Resveratrol improves high-fat diet induced insulin resistance by rebalancing subsarcolemmal mitochondrial oxidation and antioxidantion.

作者信息

Haohao Zhang, Guijun Qin, Juan Zheng, Wen Kong, Lulu Chen

机构信息

Division of Endocrinology, Department of Internal Medicine, The First Affiliated Hospital of Zhengzhou University, 40 Daxue Road, Zhengzhou, 450052, People's Republic of China,

出版信息

J Physiol Biochem. 2015 Mar;71(1):121-31. doi: 10.1007/s13105-015-0392-1. Epub 2015 Feb 17.

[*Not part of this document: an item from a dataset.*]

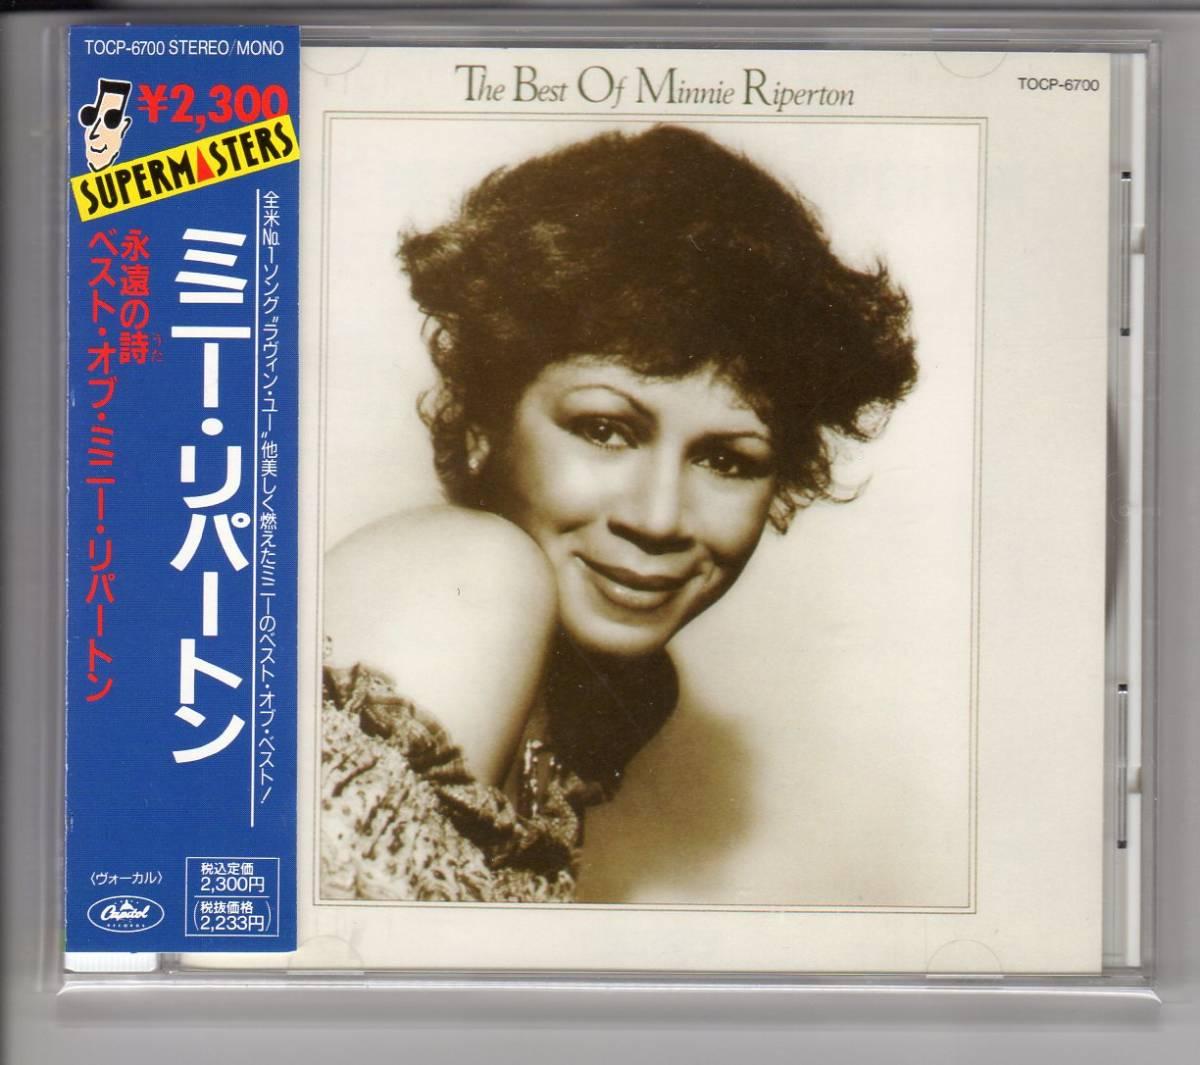 CD 帯付き 「永遠の詩~ベスト・オブ・ミニー・リパートン」ミニー・リパートン(「The Best Of Minnie Riperton」MINNIE RIPERTON )

DOI:10.1007/s13105-015-0392-1
PMID:25686565
Abstract

Although resveratrol (RES) is thought to be a key regulator of insulin sensitivity in rodents, the exact mechanism underlying this effect remains unclear. Therefore, we sought to investigate how RES affects skeletal muscle oxidative and antioxidant levels of subsarcolemmal (SS) and intermyofibrillar (IMF) mitochondrial populations in high-fat diet (HFD)-induced insulin resistance (IR) rats. Systemic and skeletal muscle insulin sensitivity together with expressions of several genes related to mitochondrial biogenesis and skeletal muscle SIRT1, SIRT3 protein levels were studied in rats fed a normal diet, a HFD, and a HFD with intervention of RES for 8 weeks. Oxidative stress levels and antioxidant enzyme activities were assessed in SS and IMF mitochondria. HFD fed rats exhibited obvious systemic and skeletal muscle IR as well as decreased SIRT1 and SIRT3 expressions, mitochondrial DNA (mtDNA), and mitochondrial biogenesis (p < 0.05). Both SS and IMF mitochondria demonstrated elevated reactive oxygen species (ROS) and malondialdehyde (MDA) levels. In addition, SS mitochondrial antioxidant enzyme activities were significantly lower, while IMF mitochondrial antioxidant enzyme activities were higher (p < 0.05). By contrast, RES treatment protected rats against diet induced IR, increased SIRT1 and SIRT3 expressions, mtDNA, and mitochondrial biogenesis (p < 0.05). Moreover, the activities of SS and IMF mitochondrial antioxidant enzymes were increased, which reverted the increased SS mitochondrial oxidative stress levels (p < 0.05). This study suggests that RES ameliorates insulin sensitivity consistent with improved SIRT3 expressions and rebalance between SS mitochondrial oxidative stress and antioxidant competence in HFD rats.

摘要

尽管白藜芦醇(RES)被认为是啮齿动物胰岛素敏感性的关键调节因子,但其作用的确切机制仍不清楚。因此,我们试图研究RES如何影响高脂饮食(HFD)诱导的胰岛素抵抗(IR)大鼠肌膜下(SS)和肌原纤维间(IMF)线粒体群体的骨骼肌氧化和抗氧化水平。在喂食正常饮食、HFD以及接受RES干预8周的HFD大鼠中,研究了全身和骨骼肌胰岛素敏感性以及与线粒体生物发生相关的几个基因的表达和骨骼肌SIRT1、SIRT3蛋白水平。评估了SS和IMF线粒体中的氧化应激水平和抗氧化酶活性。喂食HFD的大鼠表现出明显的全身和骨骼肌IR,以及SIRT1和SIRT3表达、线粒体DNA(mtDNA)和线粒体生物发生减少(p<0.05)。SS和IMF线粒体均显示活性氧(ROS)和丙二醛(MDA)水平升高。此外,SS线粒体抗氧化酶活性显著降低,而IMF线粒体抗氧化酶活性较高(p<0.05)。相比之下,RES治疗可保护大鼠免受饮食诱导的IR,增加SIRT1和SIRT3表达、mtDNA和线粒体生物发生(p<0.05)。此外,SS和IMF线粒体抗氧化酶的活性增加,这逆转了SS线粒体氧化应激水平的升高(p<0.05)。本研究表明,RES改善胰岛素敏感性,这与HFD大鼠中SIRT3表达的改善以及SS线粒体氧化应激与抗氧化能力之间的重新平衡一致。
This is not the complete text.